BEGIN INPUT DATA

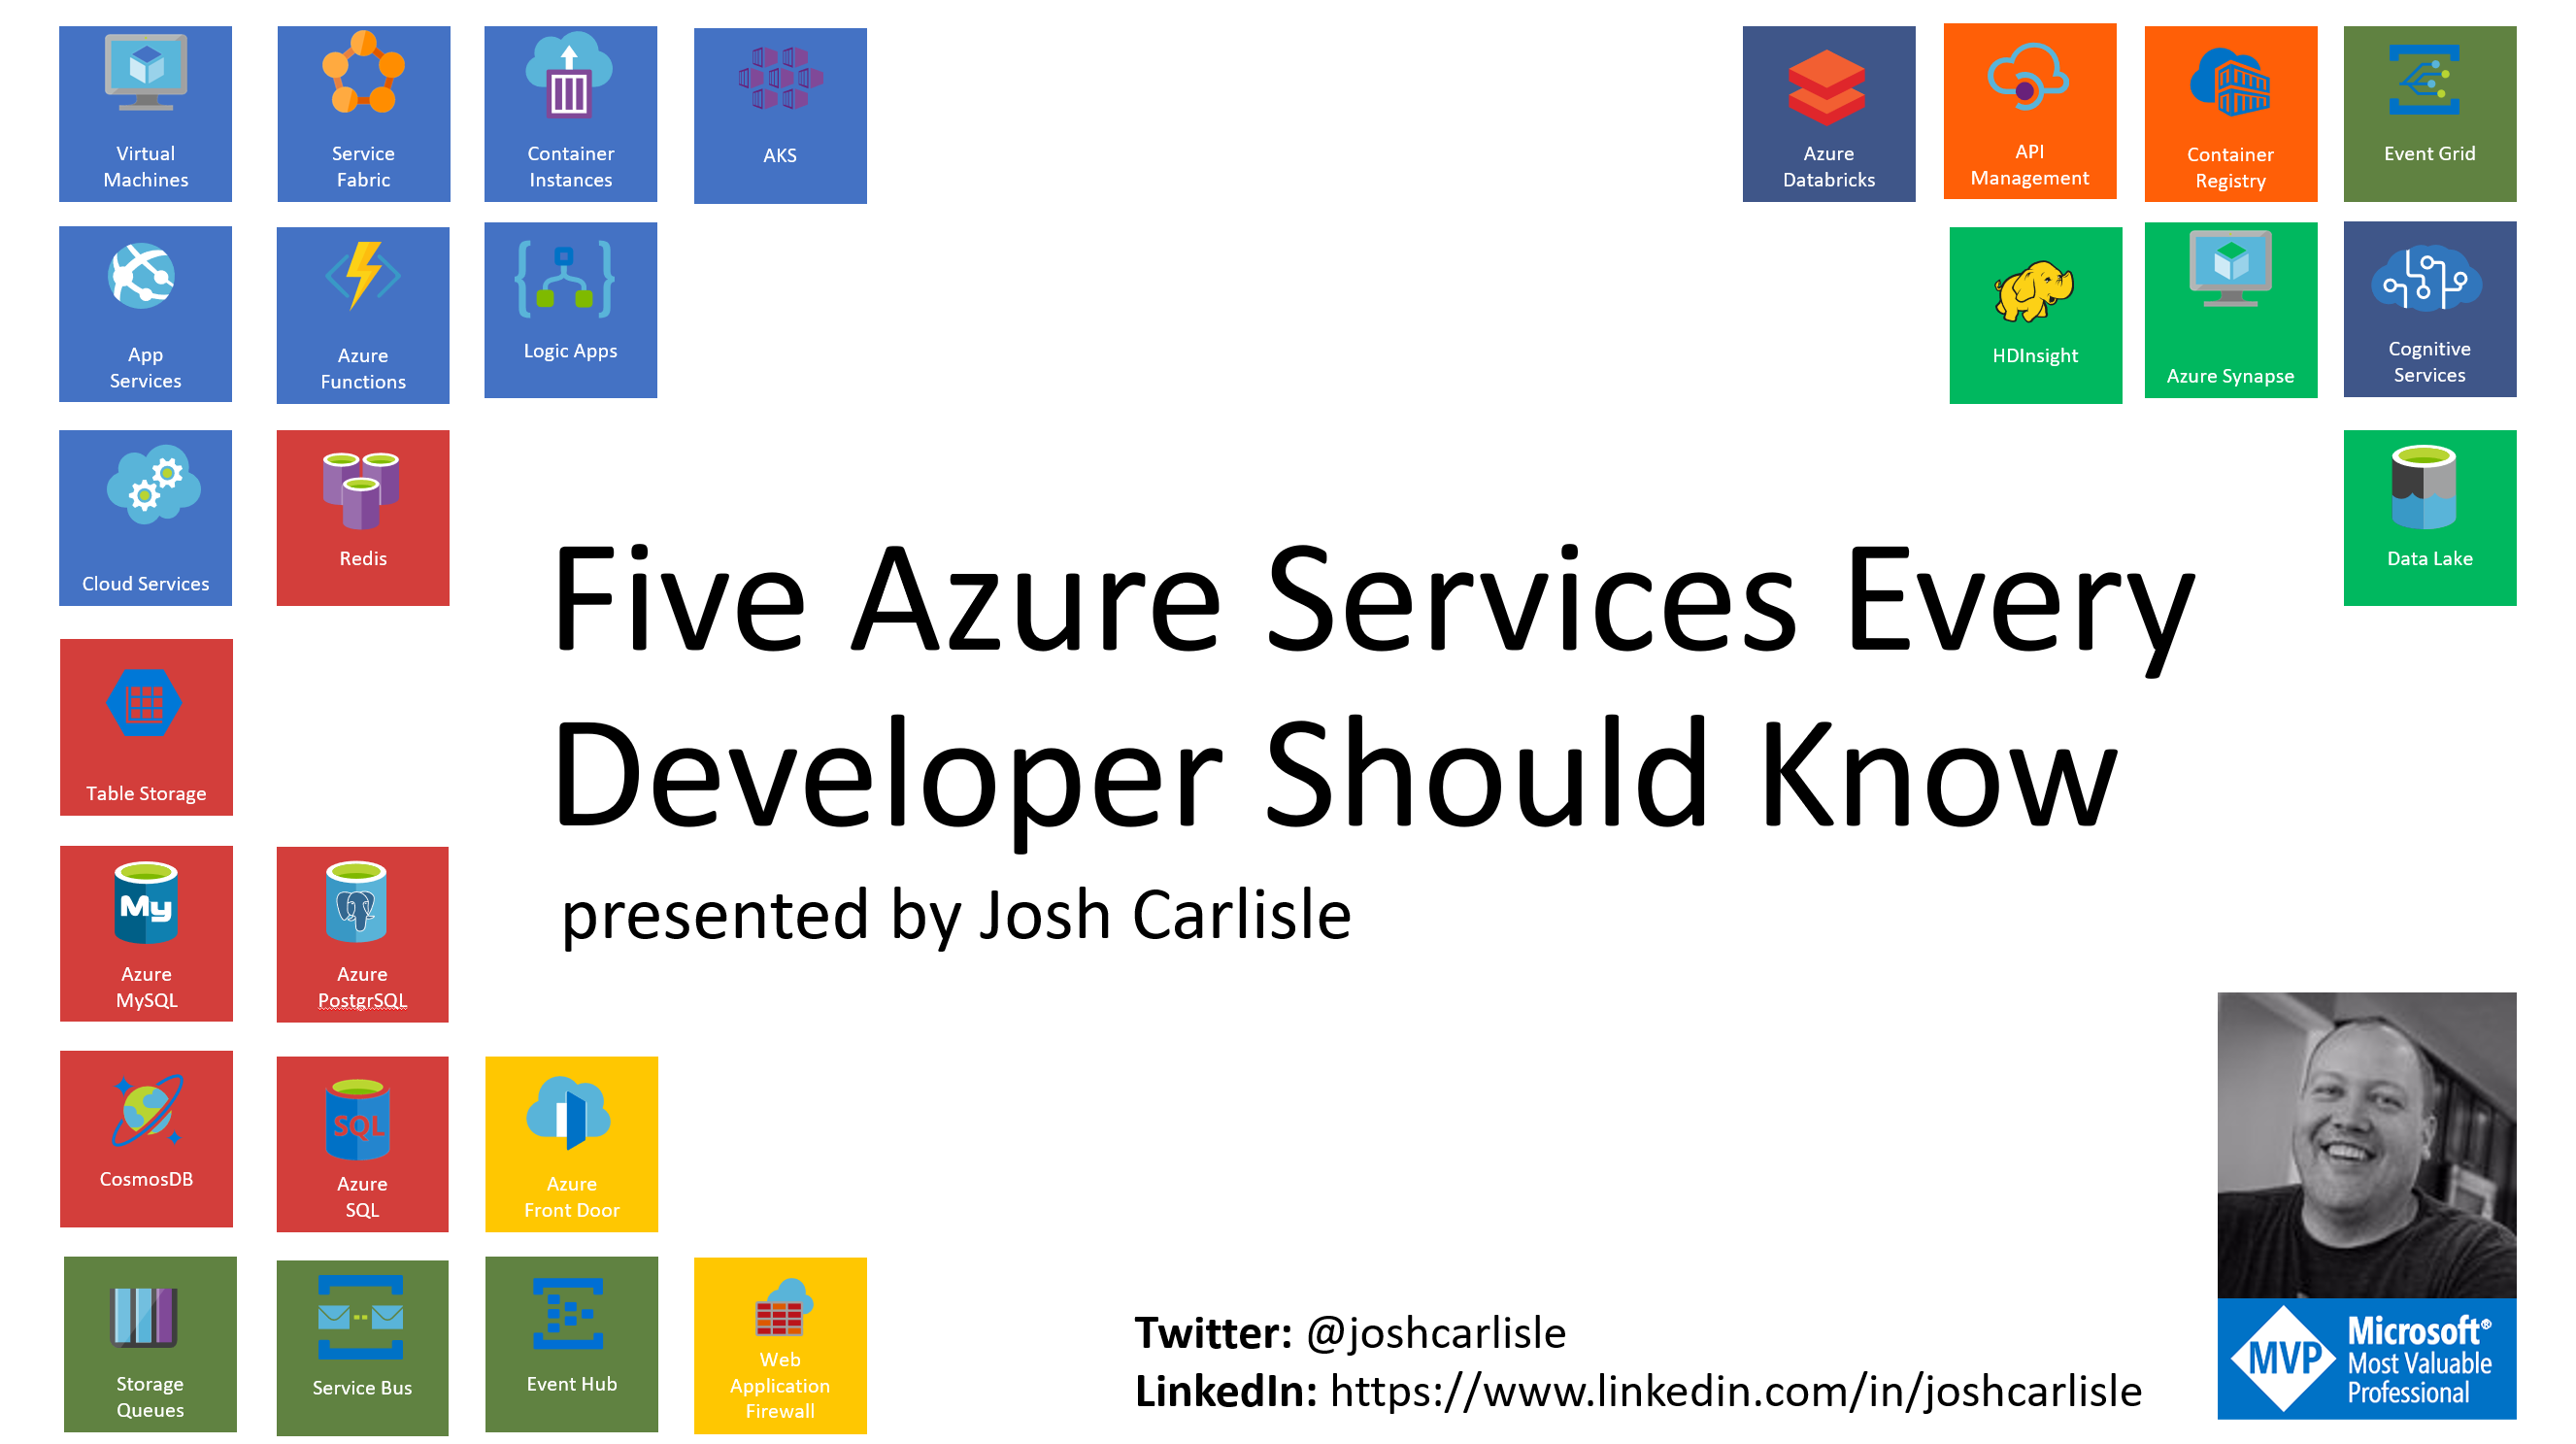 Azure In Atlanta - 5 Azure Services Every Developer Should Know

END INPUT DATA
BEGIN INPUT DATA

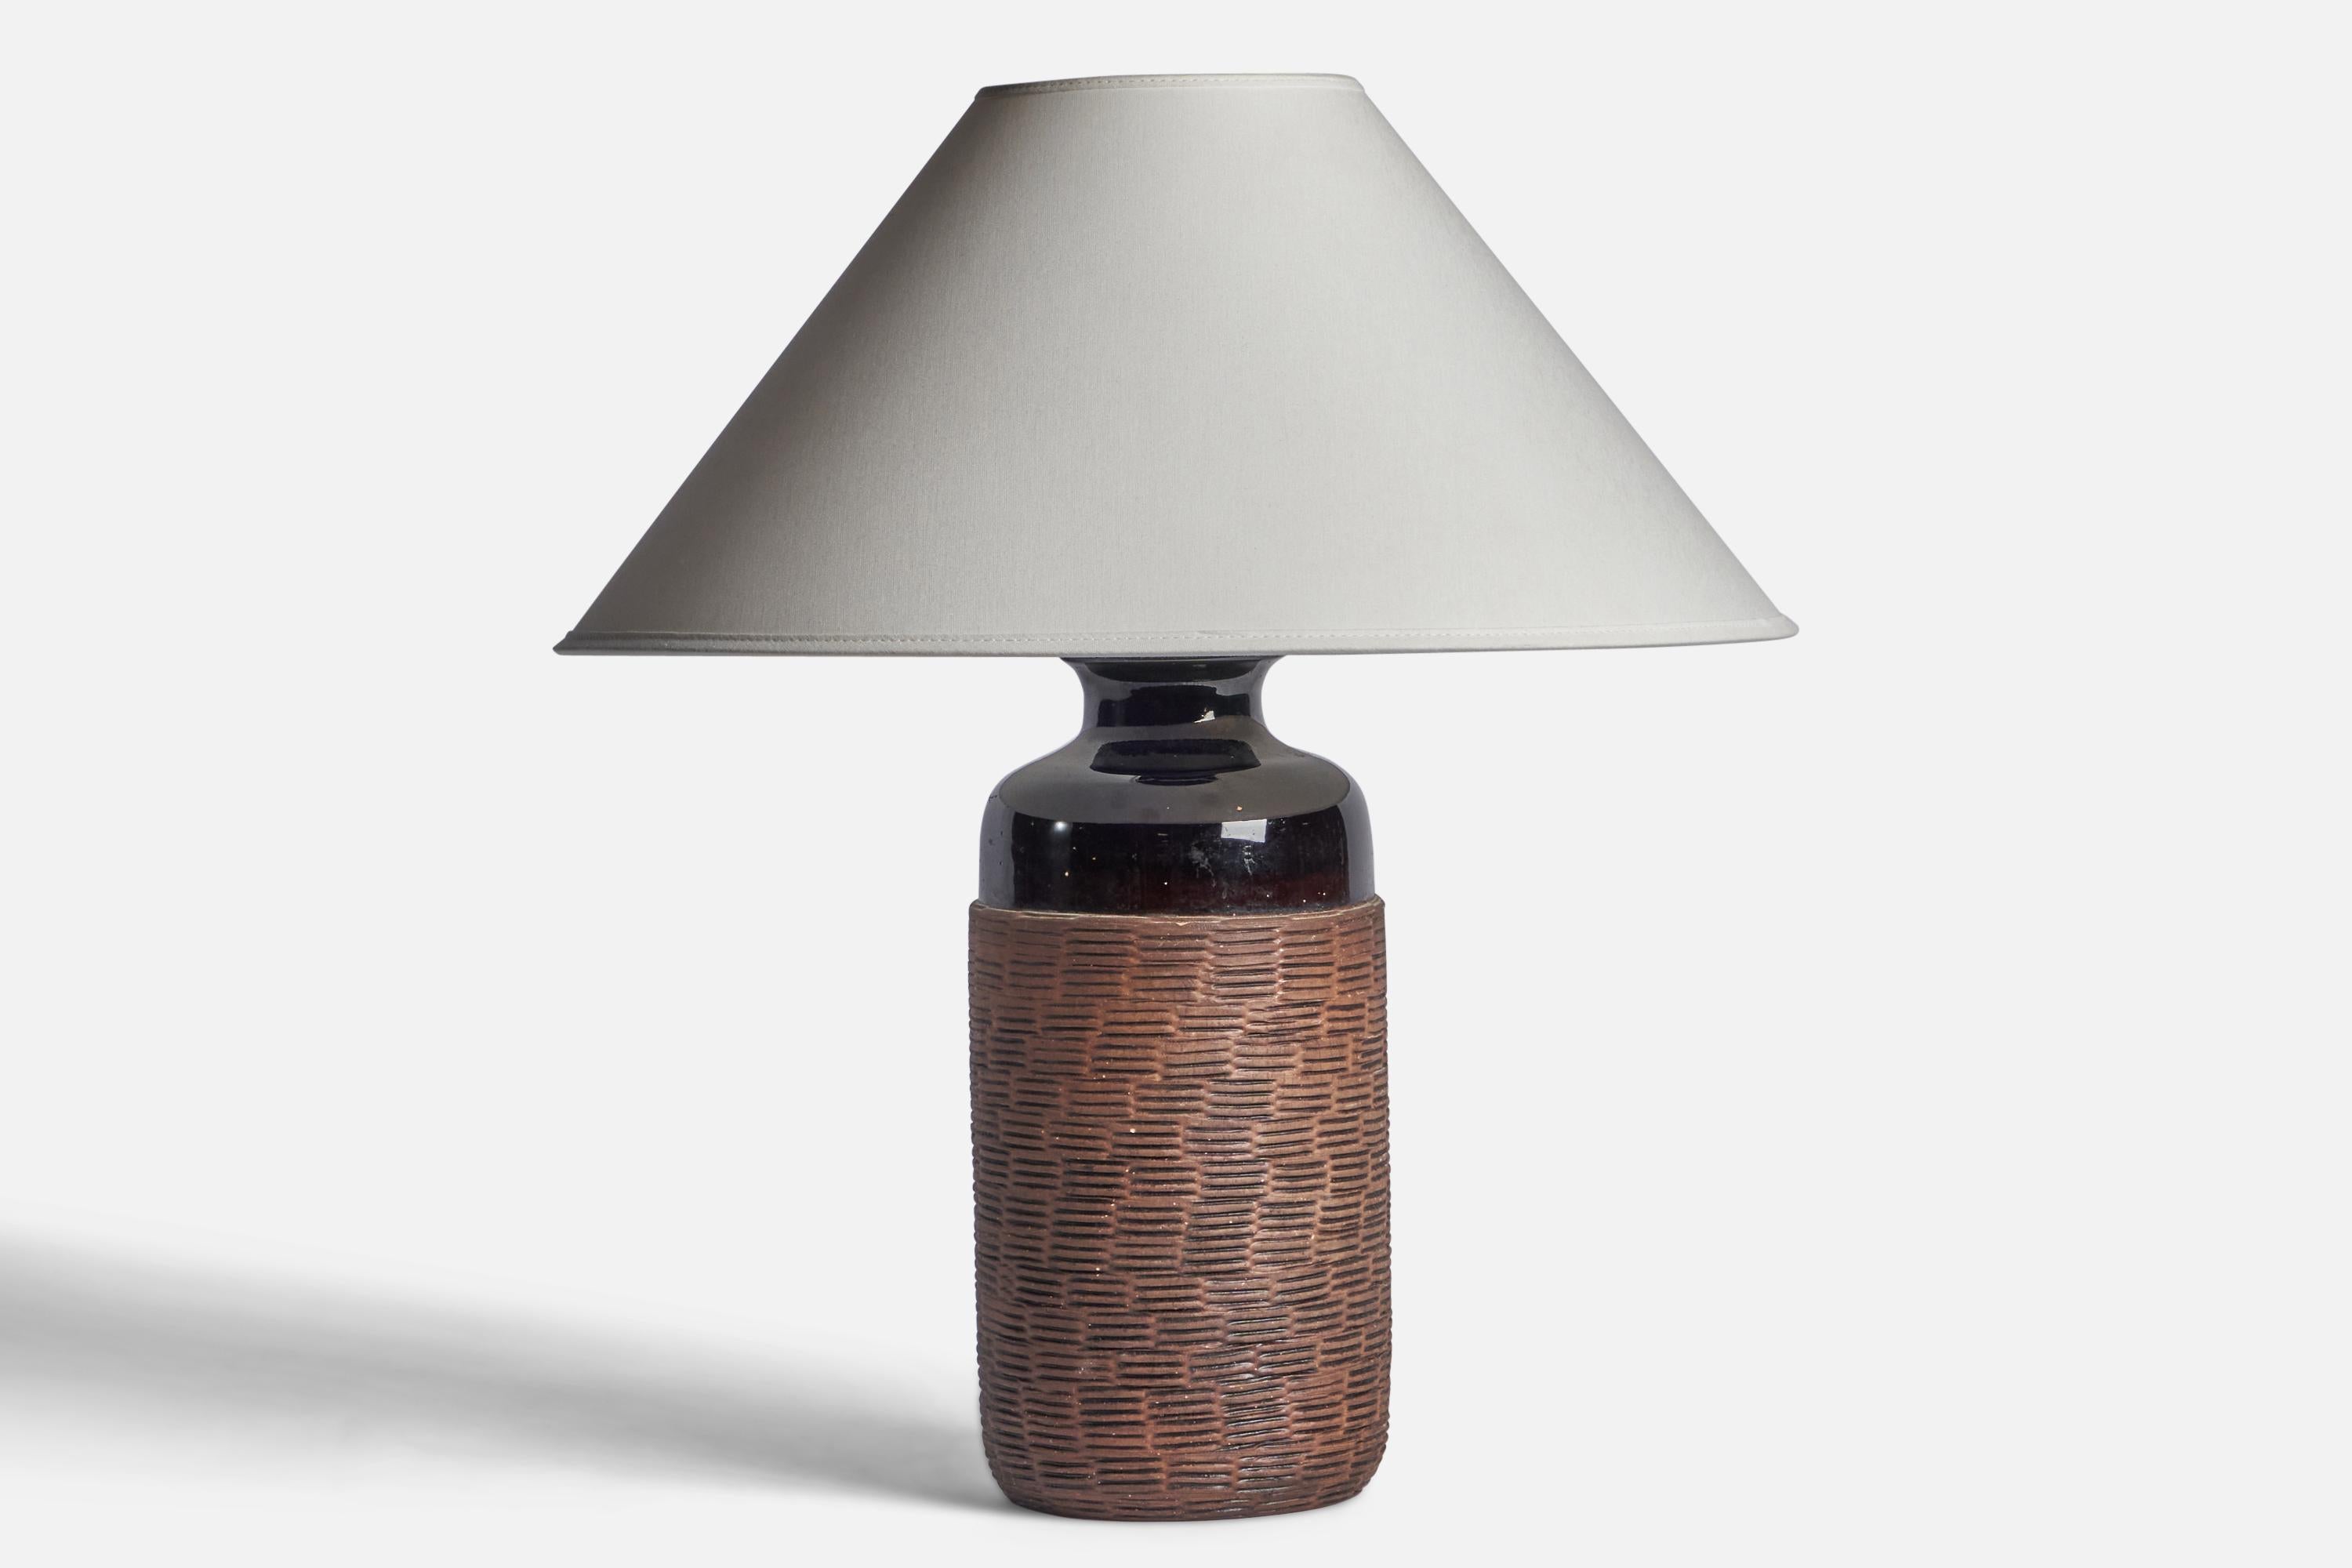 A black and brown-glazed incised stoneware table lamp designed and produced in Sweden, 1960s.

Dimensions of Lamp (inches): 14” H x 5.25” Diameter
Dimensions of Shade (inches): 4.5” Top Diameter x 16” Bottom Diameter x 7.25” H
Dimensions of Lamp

END INPUT DATA
BEGIN INPUT DATA

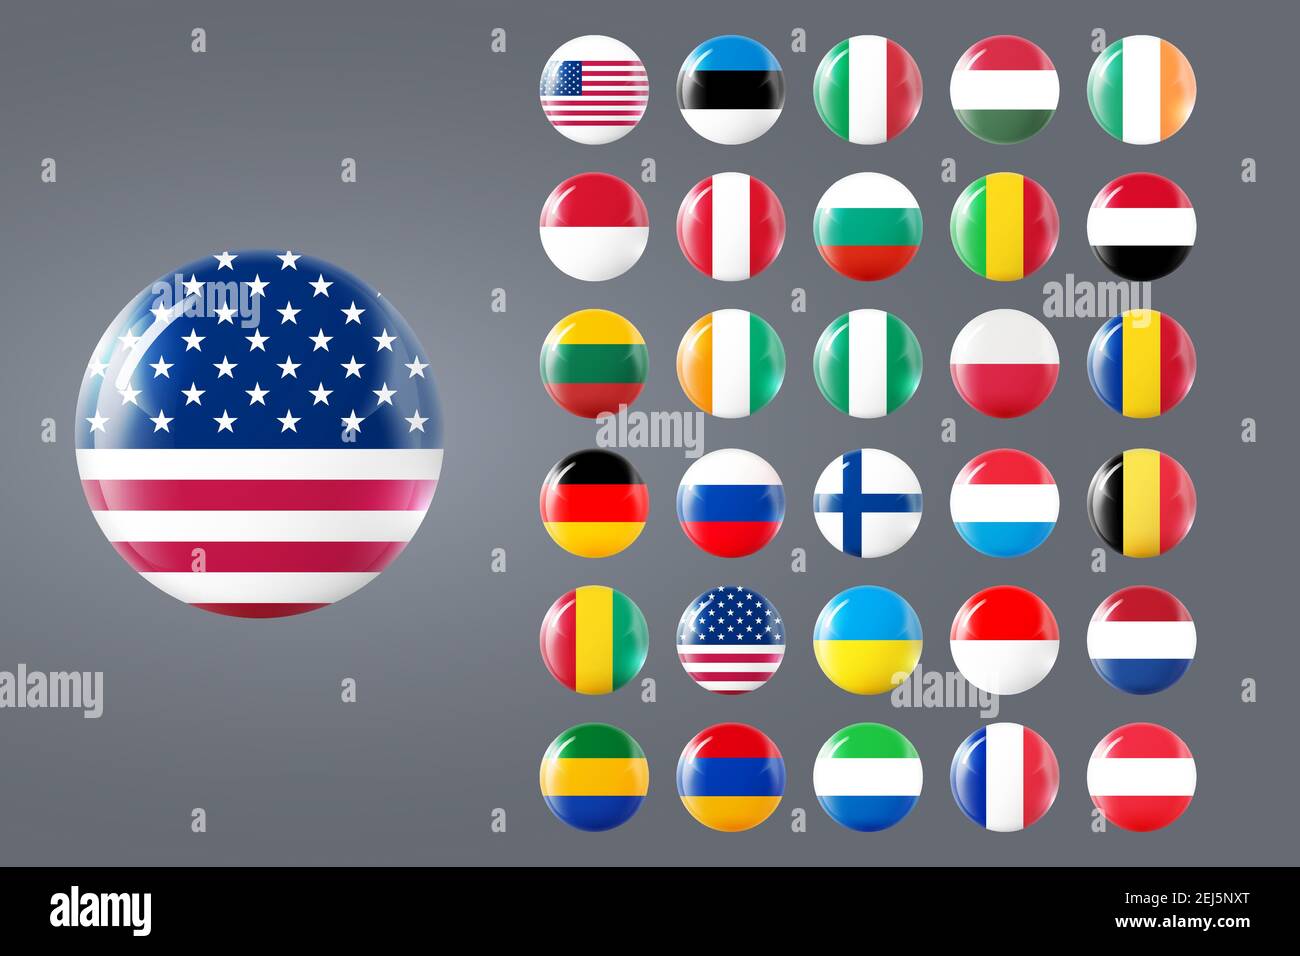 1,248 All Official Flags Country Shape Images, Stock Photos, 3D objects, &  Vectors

END INPUT DATA

PROBLEM STATEMENT =
Number of lines with the string "Diameter" in the data above: report this figure and nothing more.

TASK ANSWER =
2